Oleh Lani Mara S (Mahasiswa Magister Manajemen Fakultas Ekonomi dan Bisnis Universitas Sebelas Maret)
TRIBUNJATENG.COM - Sudah hampir dua bulan perusahaan raksasa Tekstil PT Sri Rejeki Isman, Tbk (Sritex) yang terbesar di Asia Tenggara ini dinyatakan pailit melalui Putusan Pengadilan Negeri Niaga Semarang dalam perkara Nomor: 2/Pdt. Sus-Homologasi/2024/PN Niaga Smg pada 21 Oktober 2024.
Nasib Perusahaan yang telah berdiri sejak tahun 1966 ini belum ada progres kelanjutan yang pasti pasca putusan pailit.
Negosiasi yang dilakukan oleh pemerintah dan Kurator belum ada hasil hingga saat ini. Pemerintah yang waktu itu berjanji bahwa masalah kepailitan PT. Sritex ini akan menjadi prioritas negara, hilang tanpa kabar bagai dibawa angin, tidak ada tanda-tanda progres apapun mengenai penyelesaian kepailitan ini.
Meskipun saat ini pabrik terlihat masih terlihat ada aktivitas operasional, namun saat ini bahan baku pabrik sudah berangsur habis, mesin sudah banyak pula yang distop, produksi berhenti, dan nasib karyawan tidak jelas bahkan telah banyak yang dirumahkan akibat volume produksi yang menurun.
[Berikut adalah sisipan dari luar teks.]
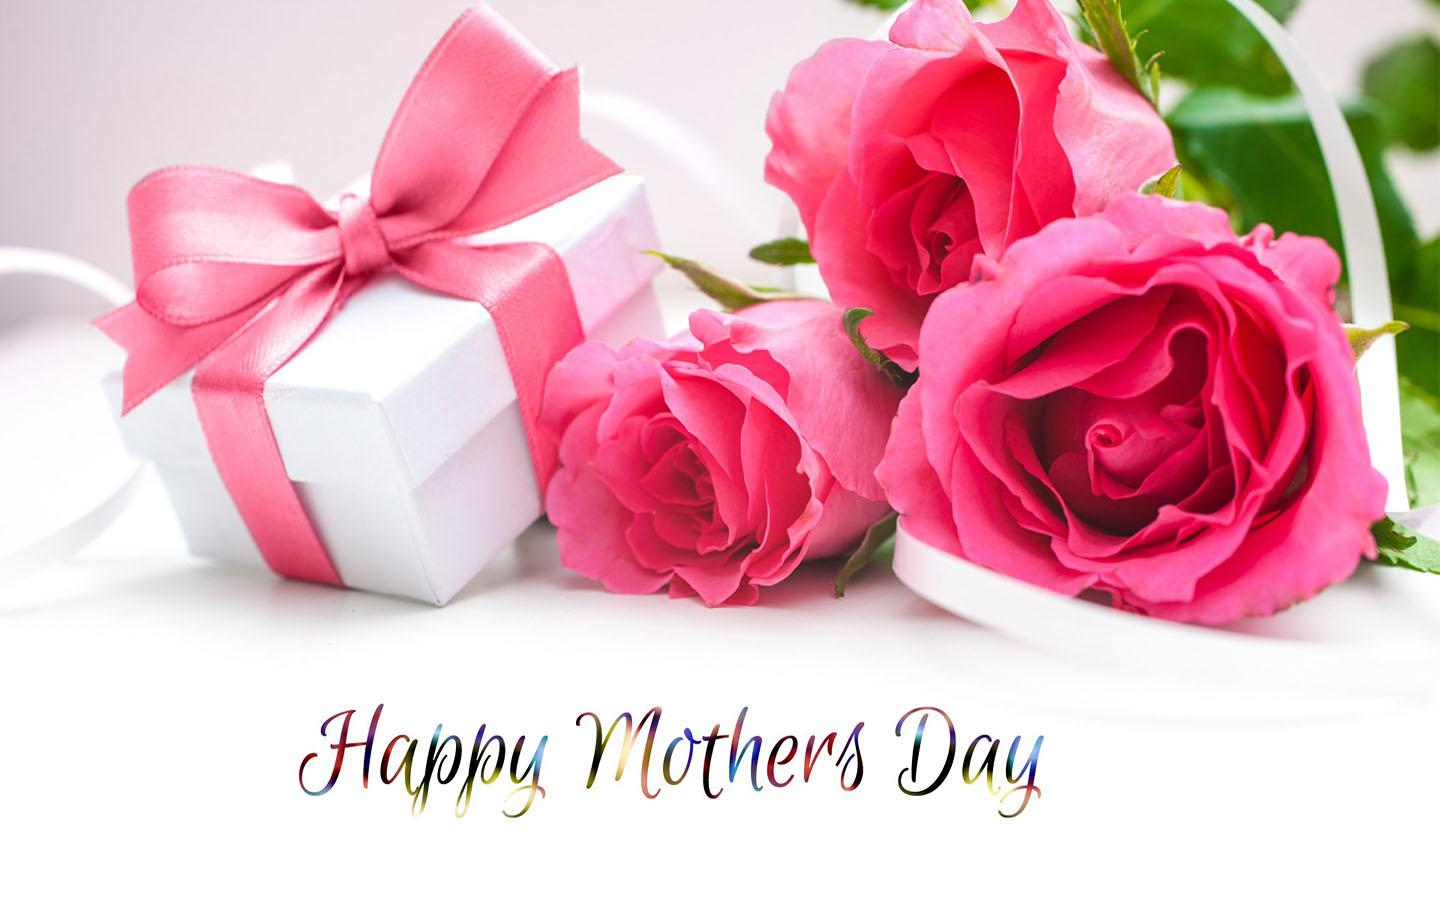 Ecards and Greeting Cards Of Happy Mothers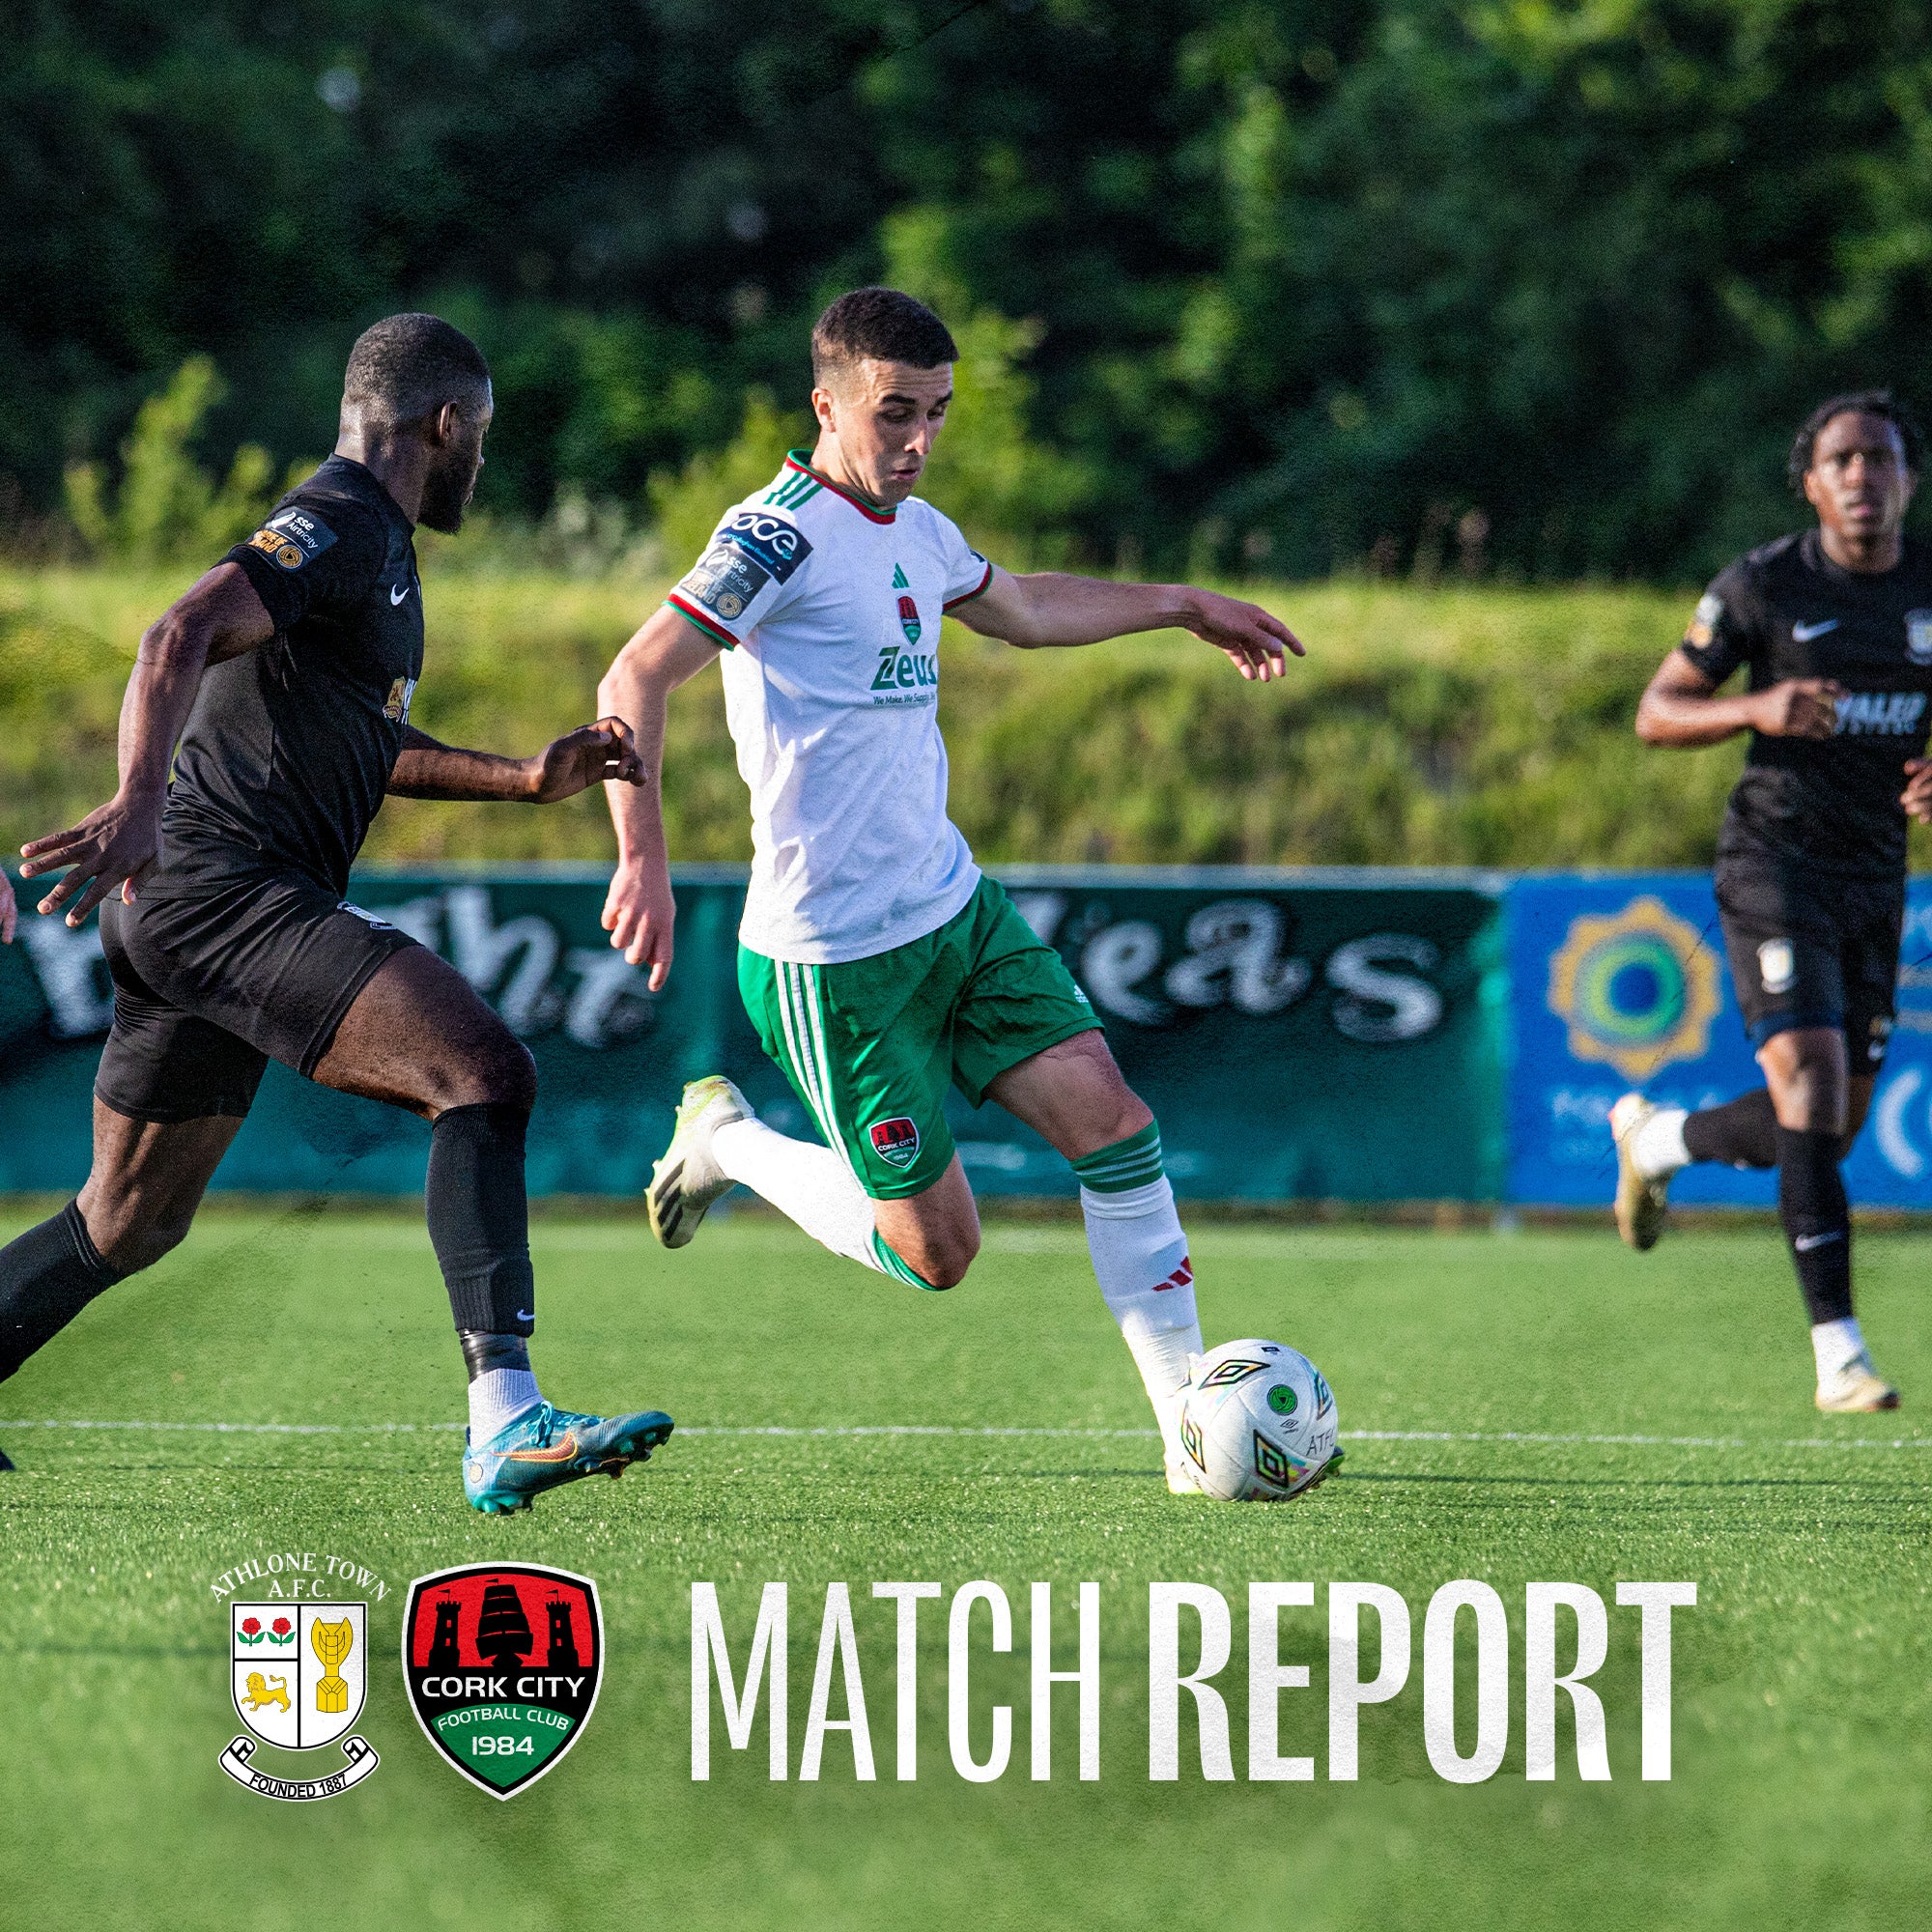 Match Report: Athlone Town 1-0 City

Perusahaan semakin terpuruk dan mengalami kesulitan cash flow apalagi setelah rekening juga telah dibekukan oleh Kurator sesuai dengan ketentuan Undang-Undang Kepailitan yang berlaku di Indonesia, yakni Undang-Undang Nomor 37 Tahun 2004 tentang Kepailitan dan Penundaan Kewajiban Pembayaran Utang (UU KPKPU), ketentuan mengenai operasional perusahaan yang telah dinyatakan pailit.
Di dalam undang-undang tersebut dinyatakan bahwa setelah pengadilan menjatuhkan pailit, status operasional perusahaan akan mengalami perubahan signifikan, dan pengelolaannya berada di bawah pengawasan pihak kurator termasuk pengelolaan harta pailit (boedel pailit) menjadi dalam penguasaan kurator, yang ditunjuk oleh pengadilan.
Kurator bertanggung jawab untuk mengelola dan membereskan harta pailit demi kepentingan para kreditur, sedangkan Direksi atau pengurus perusahaan kehilangan haknya untuk mengelola perusahaan (Pasal 24 UU KPKPU).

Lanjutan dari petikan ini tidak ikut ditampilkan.